"The worst algorithm in the world?"

[ephemient]

http://stackoverflow.com/questions/4327846/calculating-fibon...

It's straightforward (if messy) to calculate two rationals exactly, then approximate √5 to within certain error bounds.

I wrote some code which does this, just as an experiment... and it's unbearably slow. Just try it.

  import Control.Arrow
  import Data.Ratio

  newtype Matrix2 a = Matrix2 (a, a, a, a) deriving (Show, Eq)
  instance (Num a) => Num (Matrix2 a) where
      Matrix2 (a, b, c, d) * Matrix2 (e, f, g, h) =
          Matrix2 (a*e+b*g, a*f+b*h, c*e+d*g, c*f+d*h)
      fromInteger x = let y = fromInteger x in Matrix2 (y, 0, 0, y)
  fib n = let Matrix2 (_, x, _, _) = Matrix2 (1, 1, 1, 0) ^ n in x

  binom n =
      scanl (\a (b, c)-> a*b `div` c) 1 $
      takeWhile ((/=) 0 . fst) $ iterate (pred *** succ) (n, 1)
  evens (x:_:xs) = x : evens xs
  evens xs = xs
  odds (_:x:xs) = x : odds xs
  odds _ = []
  iterate' f x = x : (iterate f $! f x)
  powers b = iterate (b *) 1
  esqrt e n = x where
      (_, x):_ = dropWhile ((<=) e . abs . uncurry (-)) $ zip trials (tail trials)
      trials = iterate (\x -> (x + n / x) / 2) n
  fib' n = (a, b) where
      d = 2 ^ n
      a = sum (zipWith (*) (odds $ binom n) (powers 5)) % d
      b = sum (zipWith (*) (evens $ binom n) (powers 5)) % d
  fib2 n = numerator r `div` denominator r where
      (a, b) = fib' n
      l = lcm (denominator a) (denominator a)
      r = a + esqrt (1 % l) (b * b / 5) + 1 % 2

[vog]

I think the biggest issue in this code in the naive implementation of "powers". It runs in O(b) while it should take at most O(log(b)).

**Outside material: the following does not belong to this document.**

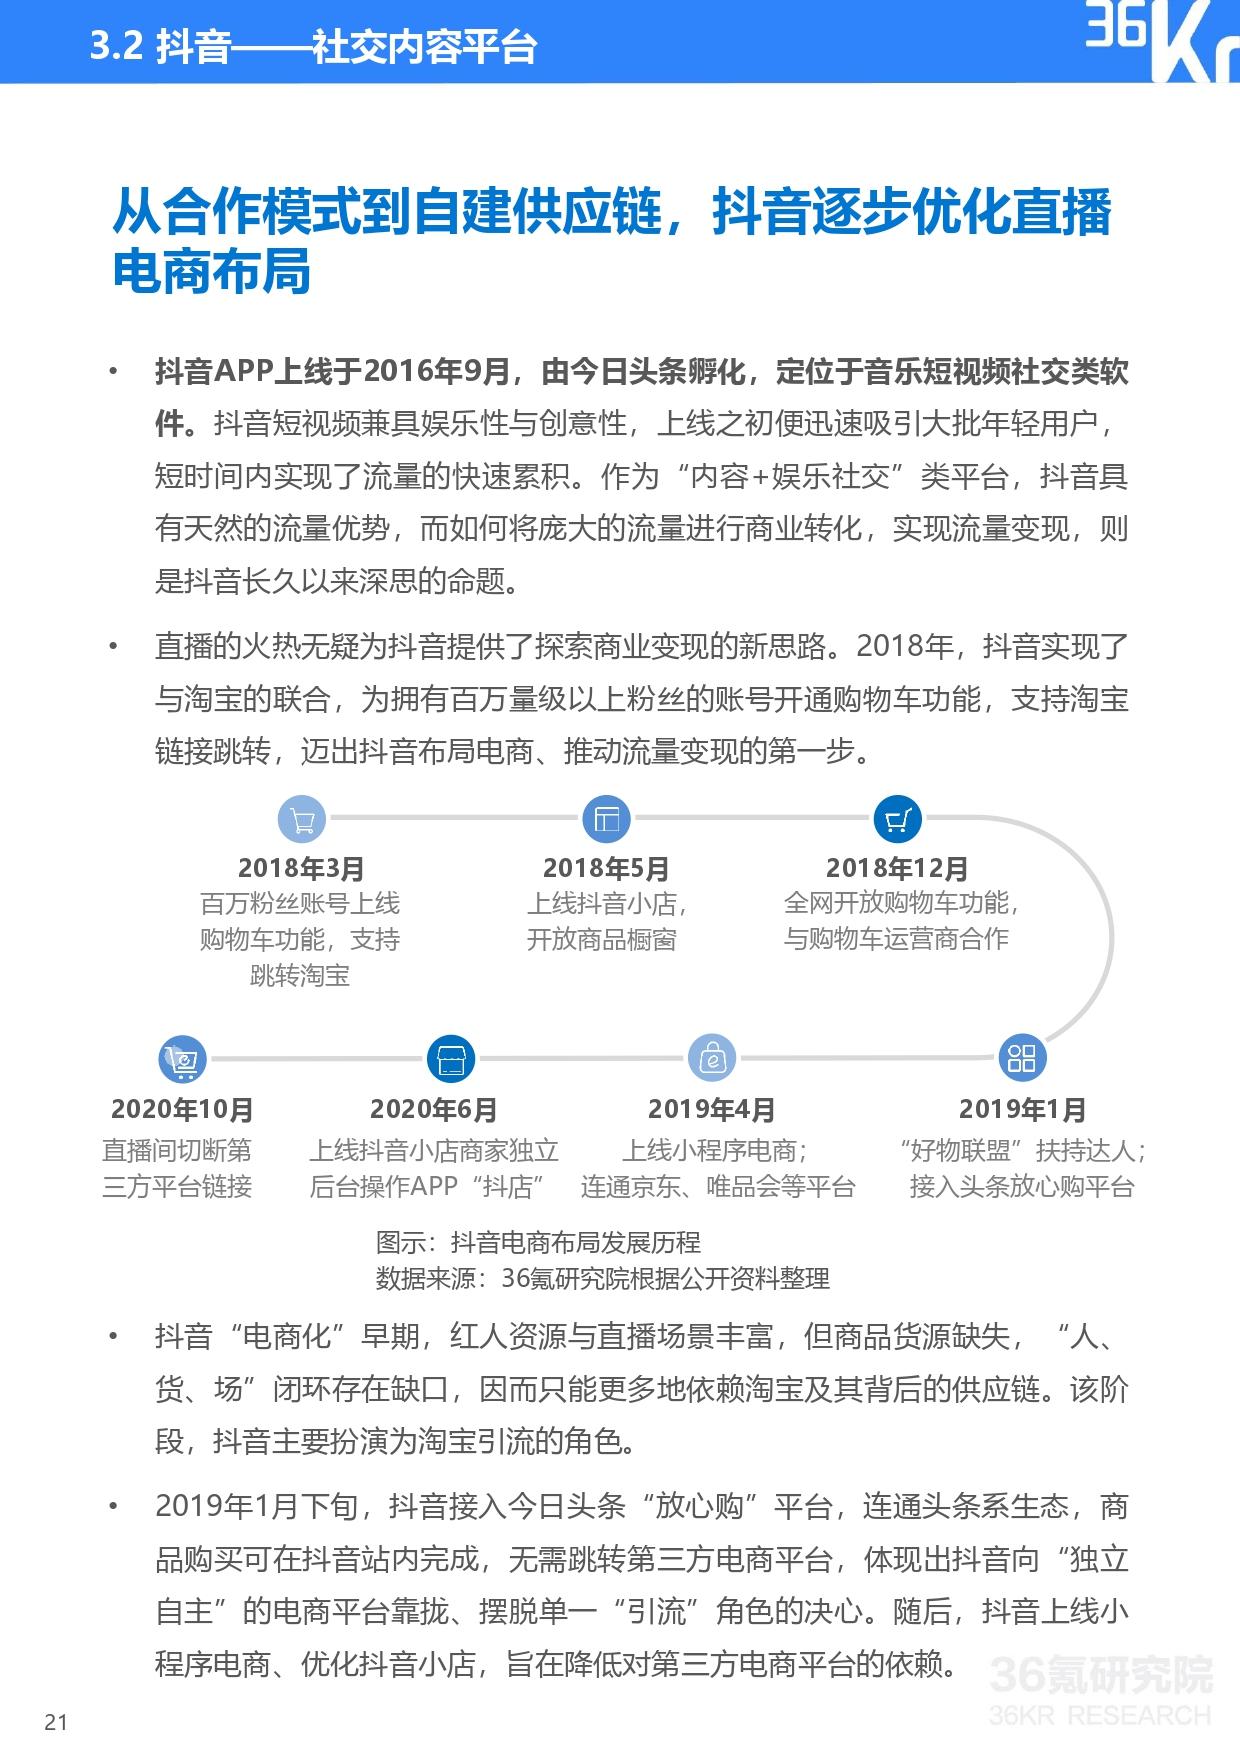 36氪研究院 | 2020年中国直播电商行业研究报告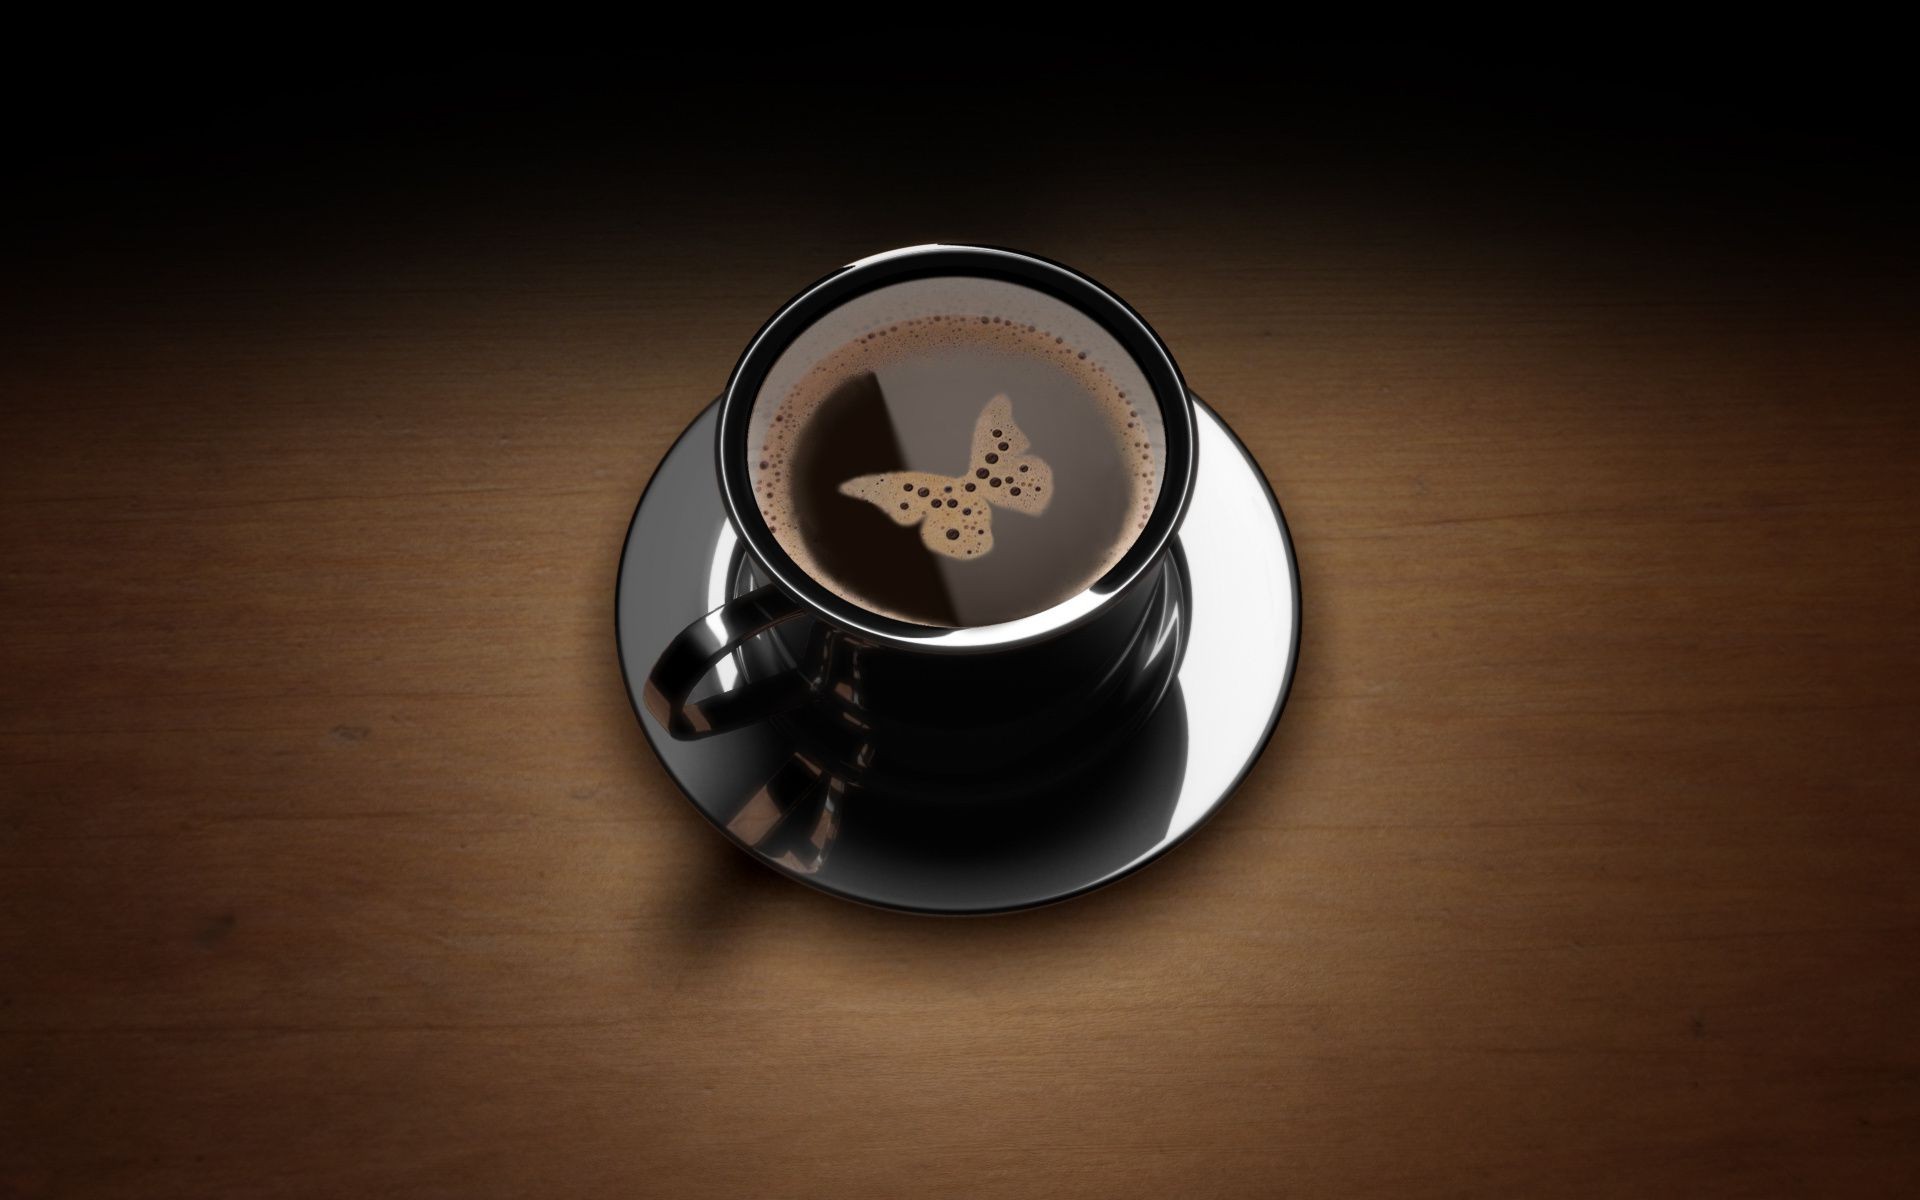 предметы кофе пить эспрессо рассвет кубок кофеин горячая капучино кружка завтрак натюрморт темный блюдце еда чай чашка кофе

Also, the multiplication might be a bottleneck, there has been a lot of research in this area. (the original article mentions some)

It might be a good idea to use an arbitrary precision library like GMP, which provides super-fast multiplication and thus power() algorithms.

(It also has an implementation of Fib() which outperforms both approaches here, but that's not my point.)

[ephemient]

I have not profiled the code, but I expect that the Newtonian approximation of sqrt is the slowest part.

It would surprise me if "powers" was a big problem relative to the rest. And no shortcuts: each of [1, b b², b³, b⁴, b⁵, …] (up to n) is used in the binomial expansion.

[ephemient]

Hmm, I screwed up and wrote iterate instead of iterate' where I intended. Not that it really makes a difference.

In any case, the average time to print the first 20 Fibonacci numbers is 0.4157ms with matrix exponentiation and 1.707063s with exact integer math (yes, the units are different) on a T400.